▶ _DIRECTIONS FOR THIS TASK_
The entire listing below needs to be transcribed word for word.

*** MATERIAL PROVIDED

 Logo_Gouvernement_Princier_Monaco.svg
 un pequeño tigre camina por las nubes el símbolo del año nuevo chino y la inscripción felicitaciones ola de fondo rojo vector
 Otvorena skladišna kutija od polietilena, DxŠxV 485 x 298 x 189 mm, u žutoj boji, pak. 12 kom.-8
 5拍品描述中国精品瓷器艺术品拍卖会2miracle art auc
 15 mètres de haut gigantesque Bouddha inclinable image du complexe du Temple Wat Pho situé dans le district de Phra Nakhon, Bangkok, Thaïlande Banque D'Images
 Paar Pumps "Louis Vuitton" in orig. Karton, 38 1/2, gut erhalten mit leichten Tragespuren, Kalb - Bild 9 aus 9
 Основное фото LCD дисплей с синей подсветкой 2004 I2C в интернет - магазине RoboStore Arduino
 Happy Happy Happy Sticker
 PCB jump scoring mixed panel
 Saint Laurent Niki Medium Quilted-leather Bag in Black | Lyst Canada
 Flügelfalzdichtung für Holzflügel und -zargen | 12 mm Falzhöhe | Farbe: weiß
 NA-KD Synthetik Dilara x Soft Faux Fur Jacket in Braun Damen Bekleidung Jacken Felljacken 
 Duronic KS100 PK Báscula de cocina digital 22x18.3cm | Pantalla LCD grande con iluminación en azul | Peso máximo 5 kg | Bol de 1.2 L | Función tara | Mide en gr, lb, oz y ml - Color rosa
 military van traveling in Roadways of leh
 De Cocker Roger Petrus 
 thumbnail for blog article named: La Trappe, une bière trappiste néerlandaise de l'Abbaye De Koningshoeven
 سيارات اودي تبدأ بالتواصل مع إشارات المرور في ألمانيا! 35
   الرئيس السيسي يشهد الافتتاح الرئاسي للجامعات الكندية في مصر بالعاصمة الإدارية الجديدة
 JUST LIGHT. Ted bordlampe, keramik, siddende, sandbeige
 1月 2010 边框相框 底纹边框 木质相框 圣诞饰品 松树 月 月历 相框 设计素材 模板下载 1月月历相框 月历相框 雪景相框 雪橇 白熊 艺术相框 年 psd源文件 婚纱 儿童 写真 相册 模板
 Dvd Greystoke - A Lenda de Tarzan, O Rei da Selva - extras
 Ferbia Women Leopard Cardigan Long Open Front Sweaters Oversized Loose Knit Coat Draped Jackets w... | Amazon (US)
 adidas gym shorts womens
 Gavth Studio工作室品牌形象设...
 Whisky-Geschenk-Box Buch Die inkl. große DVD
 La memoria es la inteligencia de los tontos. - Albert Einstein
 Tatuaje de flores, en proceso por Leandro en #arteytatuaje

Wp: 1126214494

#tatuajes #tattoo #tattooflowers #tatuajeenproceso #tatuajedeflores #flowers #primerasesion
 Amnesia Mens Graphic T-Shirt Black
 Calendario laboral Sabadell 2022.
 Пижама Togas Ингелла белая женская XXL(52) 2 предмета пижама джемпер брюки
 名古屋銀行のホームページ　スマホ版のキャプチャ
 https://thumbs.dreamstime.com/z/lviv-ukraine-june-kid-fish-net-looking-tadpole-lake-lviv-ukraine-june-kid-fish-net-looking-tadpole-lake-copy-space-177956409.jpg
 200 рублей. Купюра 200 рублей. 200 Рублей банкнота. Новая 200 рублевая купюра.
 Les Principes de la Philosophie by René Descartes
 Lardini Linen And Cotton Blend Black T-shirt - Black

******

▶ _ANSWER TO THIS EXERCISE_
 Logo_Gouvernement_Princier_Monaco.svg
 un pequeño tigre camina por las nubes el símbolo del año nuevo chino y la inscripción felicitaciones ola de fondo rojo vector
 Otvorena skladišna kutija od polietilena, DxŠxV 485 x 298 x 189 mm, u žutoj boji, pak. 12 kom.-8
 5拍品描述中国精品瓷器艺术品拍卖会2miracle art auc
 15 mètres de haut gigantesque Bouddha inclinable image du complexe du Temple Wat Pho situé dans le district de Phra Nakhon, Bangkok, Thaïlande Banque D'Images
 Paar Pumps "Louis Vuitton" in orig. Karton, 38 1/2, gut erhalten mit leichten Tragespuren, Kalb - Bild 9 aus 9
 Основное фото LCD дисплей с синей подсветкой 2004 I2C в интернет - магазине RoboStore Arduino
 Happy Happy Happy Sticker
 PCB jump scoring mixed panel
 Saint Laurent Niki Medium Quilted-leather Bag in Black | Lyst Canada
 Flügelfalzdichtung für Holzflügel und -zargen | 12 mm Falzhöhe | Farbe: weiß
 NA-KD Synthetik Dilara x Soft Faux Fur Jacket in Braun Damen Bekleidung Jacken Felljacken 
 Duronic KS100 PK Báscula de cocina digital 22x18.3cm | Pantalla LCD grande con iluminación en azul | Peso máximo 5 kg | Bol de 1.2 L | Función tara | Mide en gr, lb, oz y ml - Color rosa
 military van traveling in Roadways of leh
 De Cocker Roger Petrus 
 thumbnail for blog article named: La Trappe, une bière trappiste néerlandaise de l'Abbaye De Koningshoeven
 سيارات اودي تبدأ بالتواصل مع إشارات المرور في ألمانيا! 35
   الرئيس السيسي يشهد الافتتاح الرئاسي للجامعات الكندية في مصر بالعاصمة الإدارية الجديدة
 JUST LIGHT. Ted bordlampe, keramik, siddende, sandbeige
 1月 2010 边框相框 底纹边框 木质相框 圣诞饰品 松树 月 月历 相框 设计素材 模板下载 1月月历相框 月历相框 雪景相框 雪橇 白熊 艺术相框 年 psd源文件 婚纱 儿童 写真 相册 模板
 Dvd Greystoke - A Lenda de Tarzan, O Rei da Selva - extras
 Ferbia Women Leopard Cardigan Long Open Front Sweaters Oversized Loose Knit Coat Draped Jackets w... | Amazon (US)
 adidas gym shorts womens
 Gavth Studio工作室品牌形象设...
 Whisky-Geschenk-Box Buch Die inkl. große DVD
 La memoria es la inteligencia de los tontos. - Albert Einstein
 Tatuaje de flores, en proceso por Leandro en #arteytatuaje

Wp: 1126214494

#tatuajes #tattoo #tattooflowers #tatuajeenproceso #tatuajedeflores #flowers #primerasesion
 Amnesia Mens Graphic T-Shirt Black
 Calendario laboral Sabadell 2022.
 Пижама Togas Ингелла белая женская XXL(52) 2 предмета пижама джемпер брюки
 名古屋銀行のホームページ　スマホ版のキャプチャ
 https://thumbs.dreamstime.com/z/lviv-ukraine-june-kid-fish-net-looking-tadpole-lake-lviv-ukraine-june-kid-fish-net-looking-tadpole-lake-copy-space-177956409.jpg
 200 рублей. Купюра 200 рублей. 200 Рублей банкнота. Новая 200 рублевая купюра.
 Les Principes de la Philosophie by René Descartes
 Lardini Linen And Cotton Blend Black T-shirt - Black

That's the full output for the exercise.